[[ Recorded information open ]]

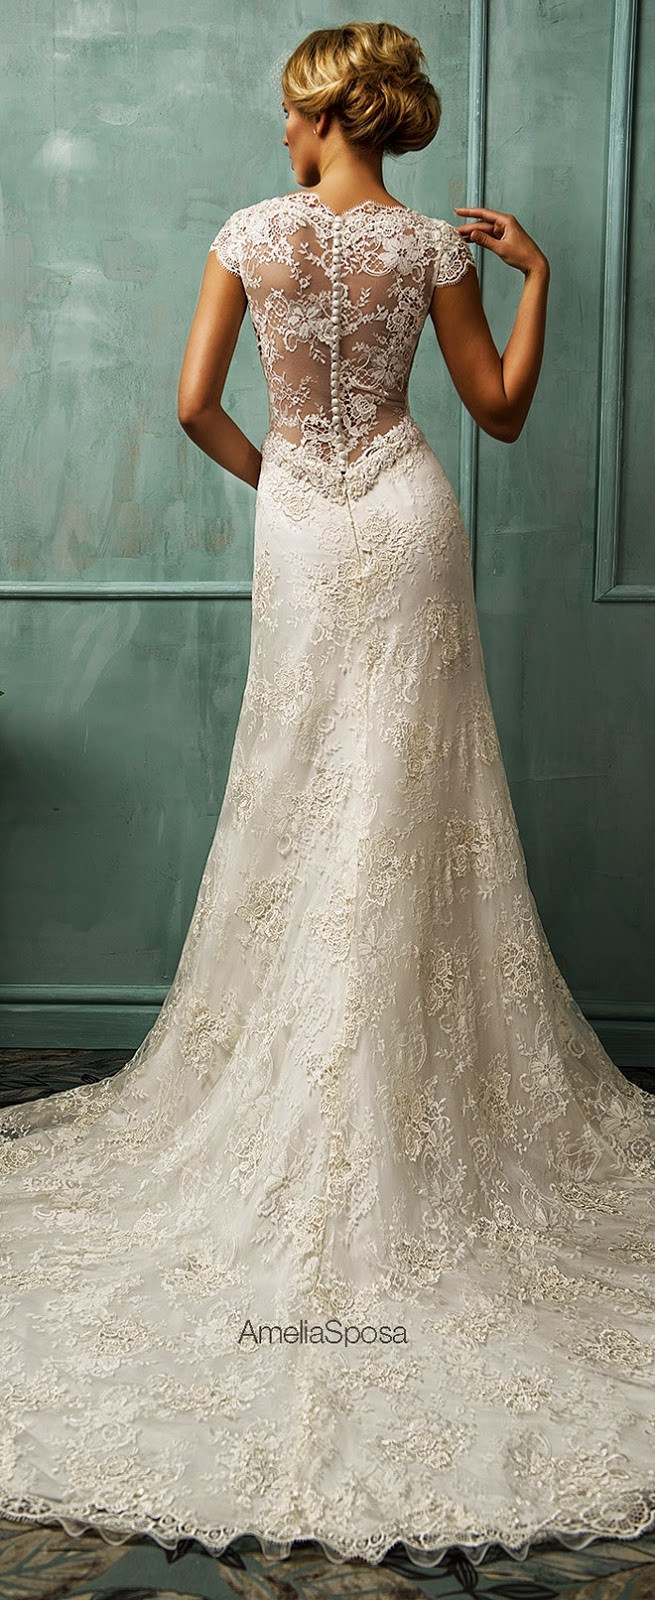 Lace Wedding Gowns Pinterest
 Amelia Sposa 2014 Wedding Dresses Belle The Magazine
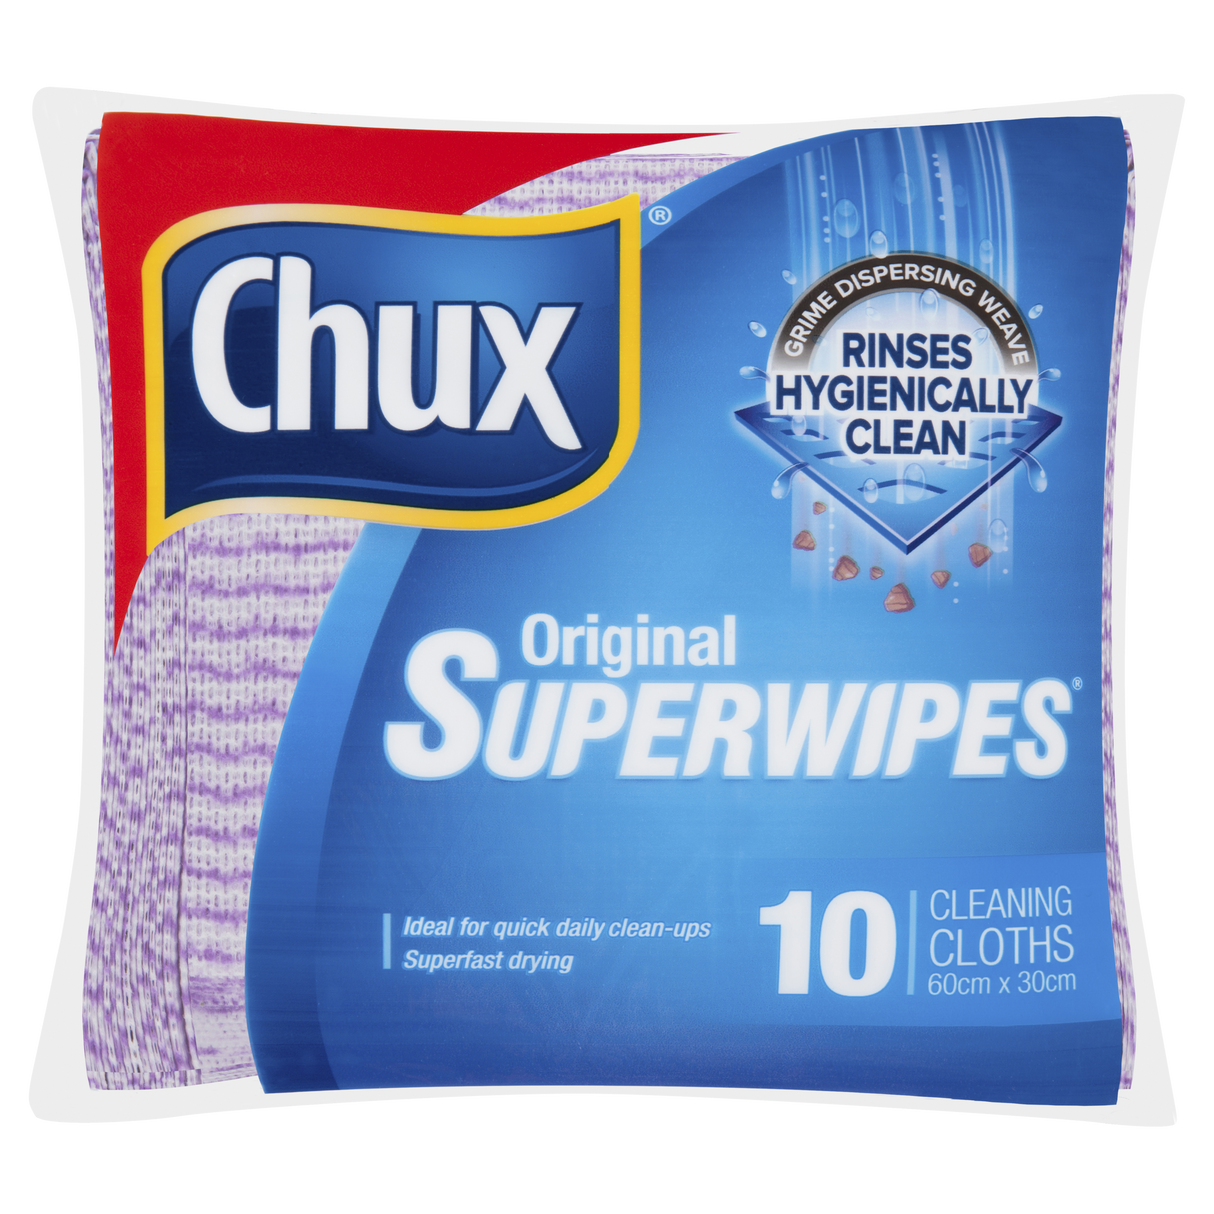 Chux Original Superwipes 10 Pack

[[ Recorded information closed ]]

What you are asked to do: Copy out all of the data word for word. Do not carry over any picture.

Written response:
 Lace Wedding Gowns Pinterest
 Amelia Sposa 2014 Wedding Dresses Belle The Magazine
 Chux Original Superwipes 10 Pack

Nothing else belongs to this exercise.